Local event benefits epilepsy research

By Bob Jackson

Officials are optimistic they’ll top last year’s collection of more than $10,000 in donations.

AUSTINTOWN — Tom Pugh of Youngstown will never forget Christmas 1998, but not because of anything that came wrapped in bright paper and pretty ribbons under the tree.

It’s because that was when he was first struck with epilepsy, and his life hasn’t been the same since then.

“I had a grand mal [seizure] the day after Christmas,” the soft-spoken Pugh said. “I woke up in the ambulance. I didn’t know what was going on. That was the most frightening part of it. Waking up in an ambulance is not a good feeling at all.”

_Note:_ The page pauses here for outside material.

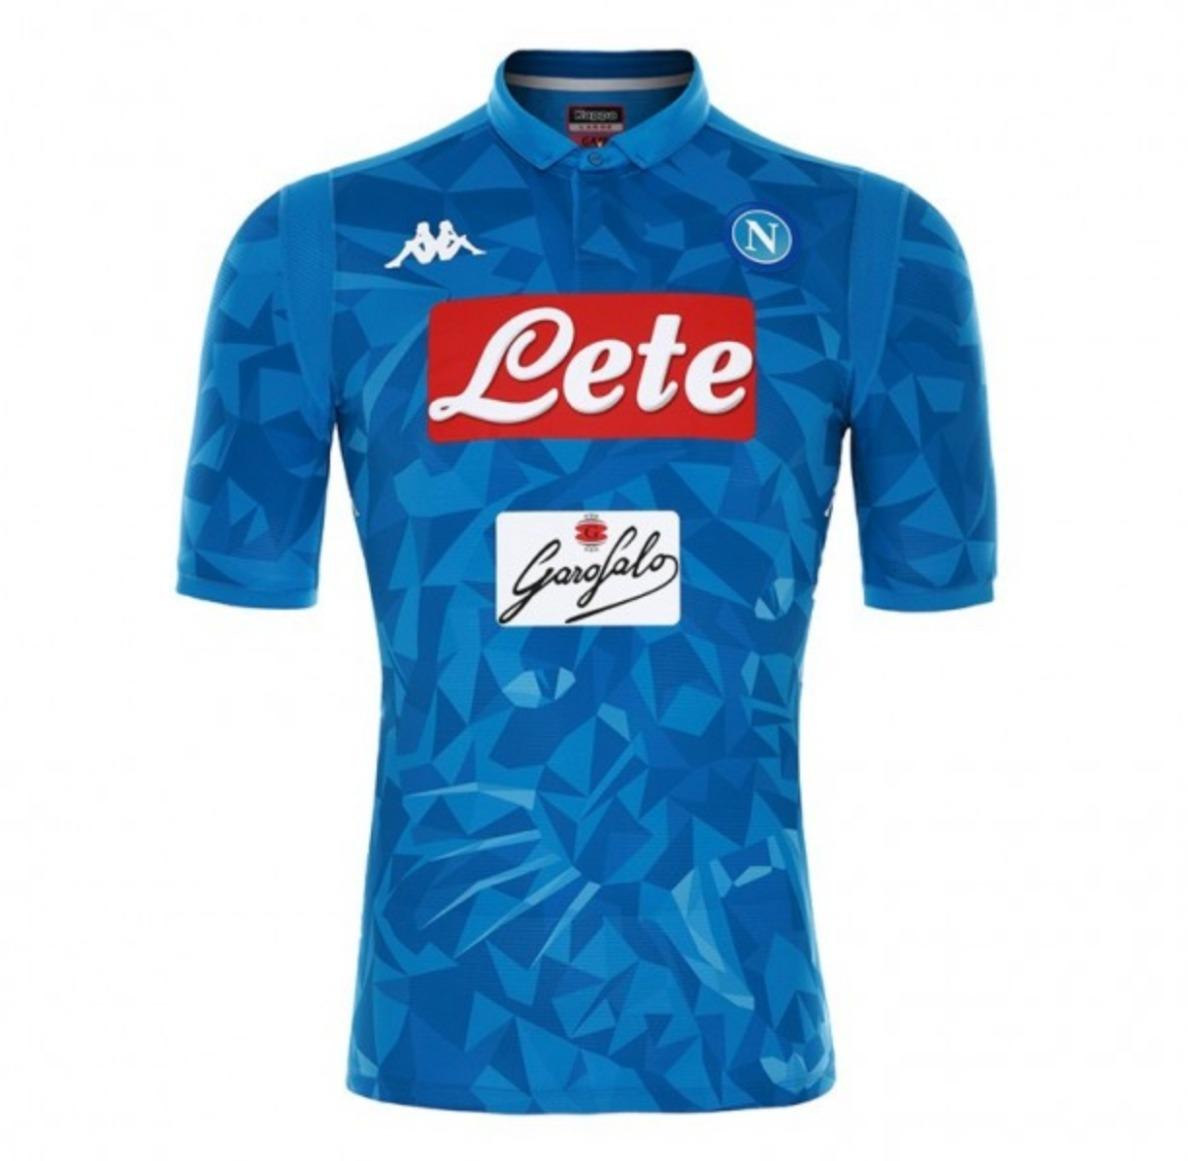 06f1faf709e91 Camisa Kappa Napoli Oficial 2019 Pronta Entrega - R  139
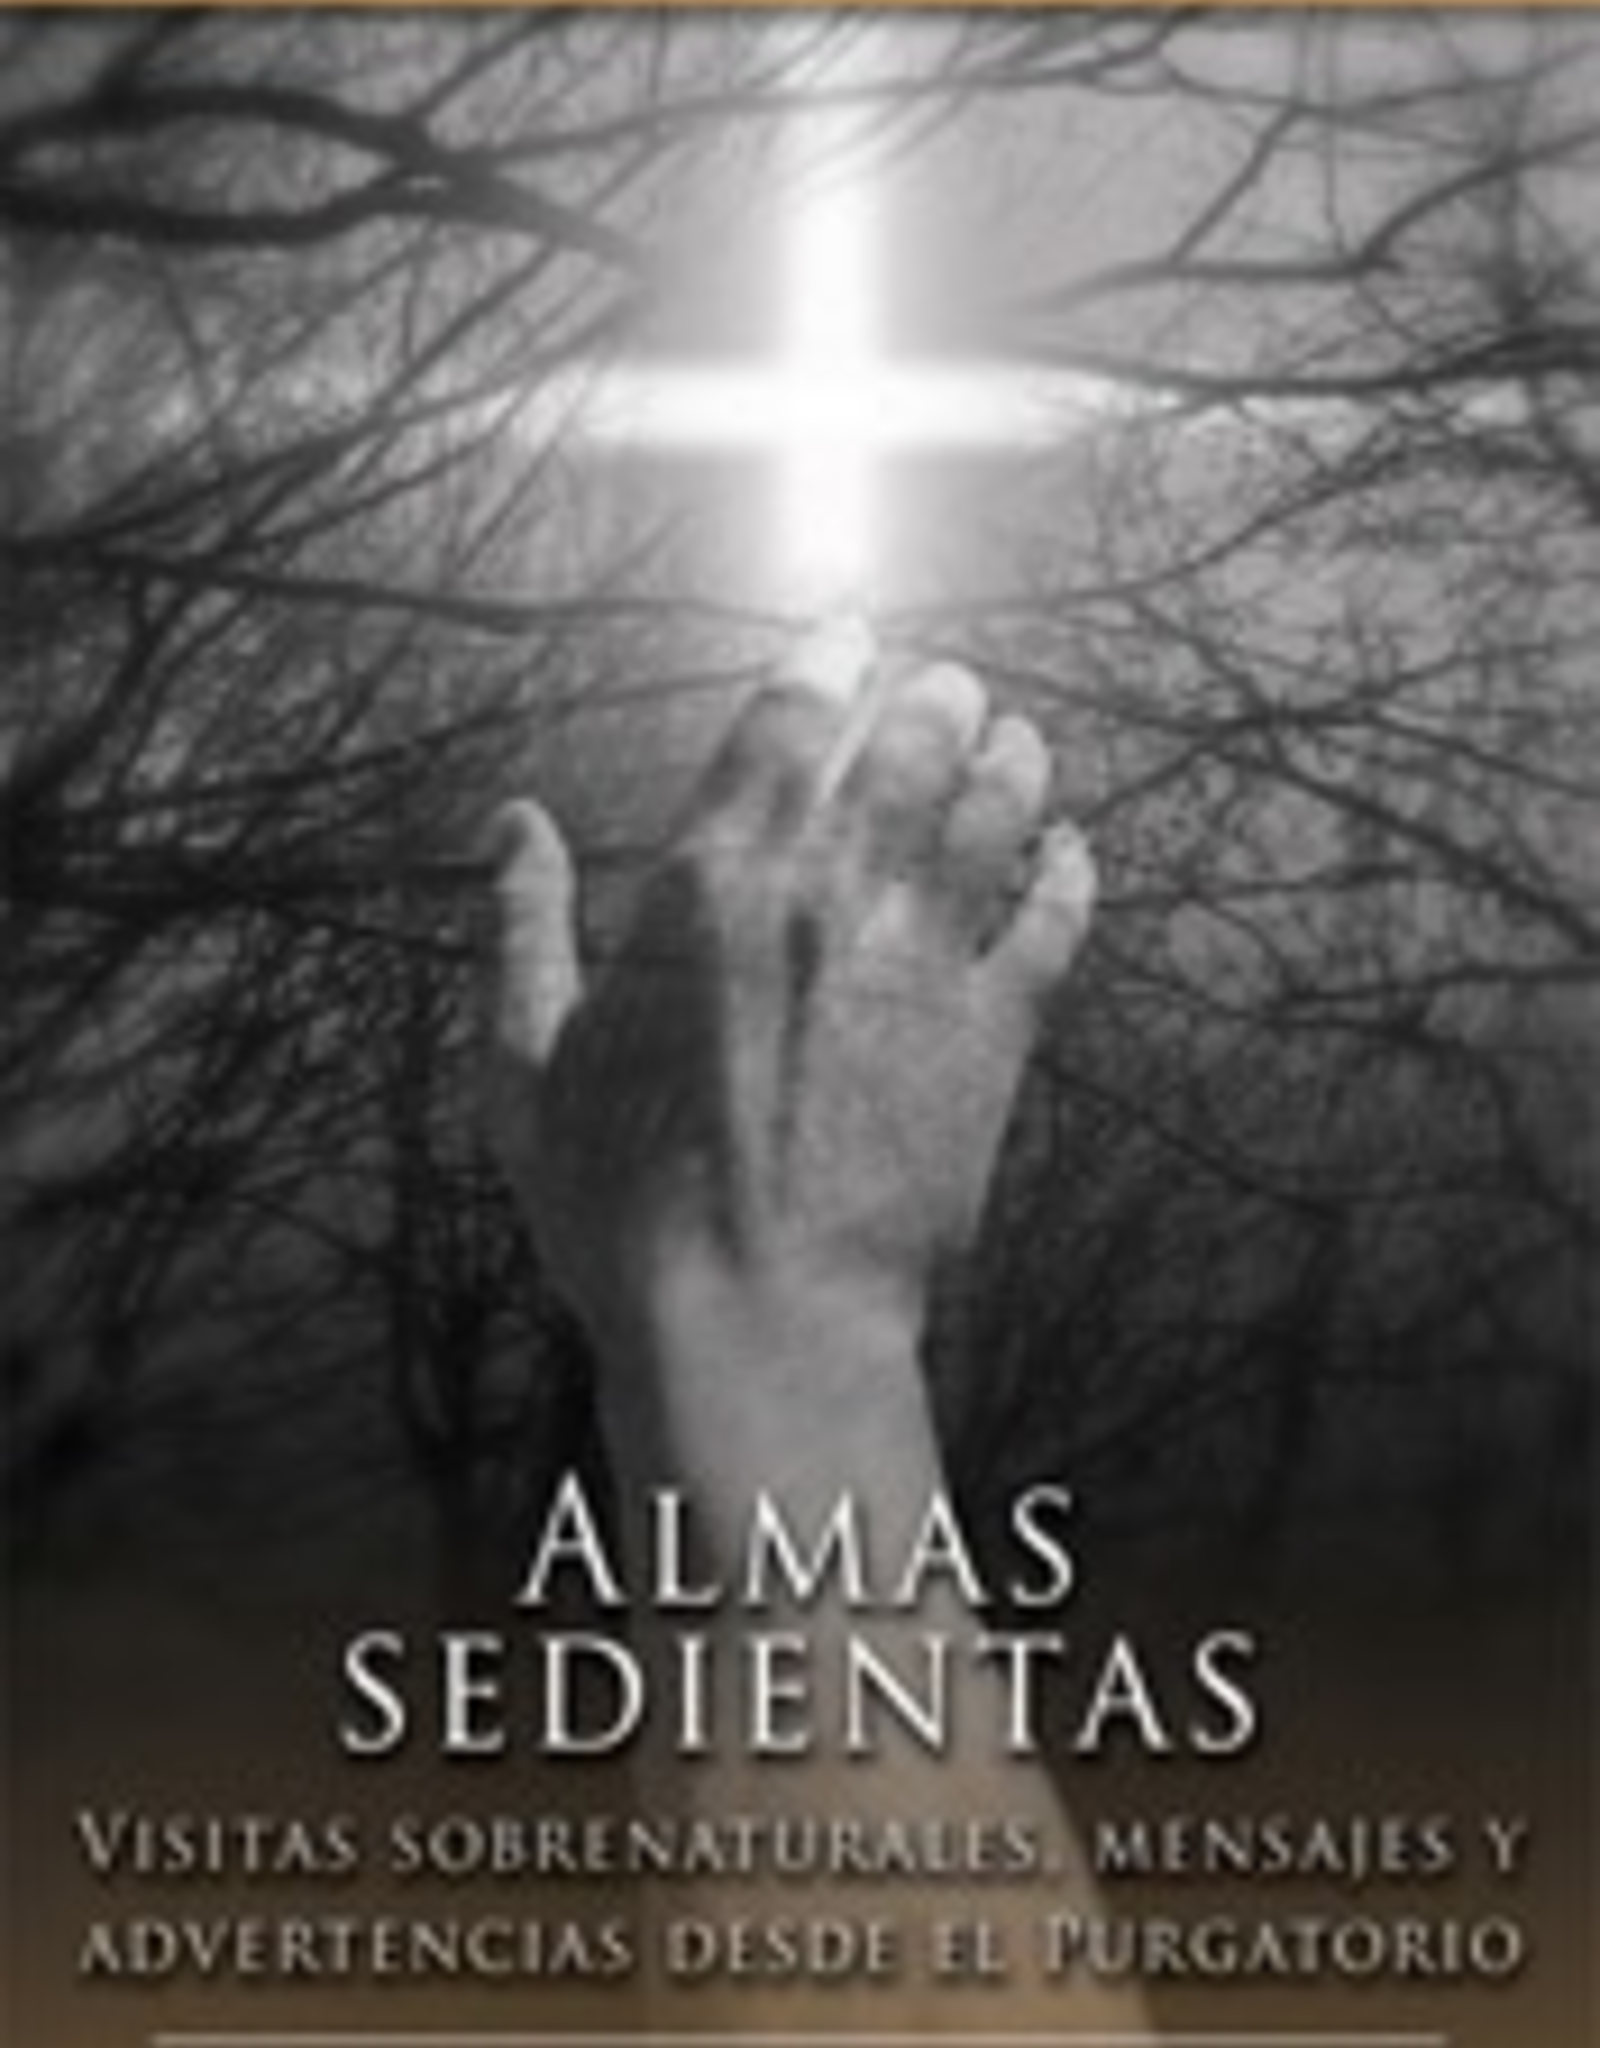 Tan Books Almas sedientas:  Vistas sobrenaturales, mensajes y advertencias desde el purgatorio, Gerard J.M. van den Aardweg

Pugh, 23, is one of thousands of epilepsy patients in the Mahoning Valley. He and many others were at the Cracker Barrel restaurant on state Route 46 on Saturday to help boost awareness about the disease and to raise money for research toward an eventual cure.

Volunteers spent one-hour shifts sitting in rocking chairs outside the restaurant, each representing a group, business or individual who had sponsored the effort through a financial donation.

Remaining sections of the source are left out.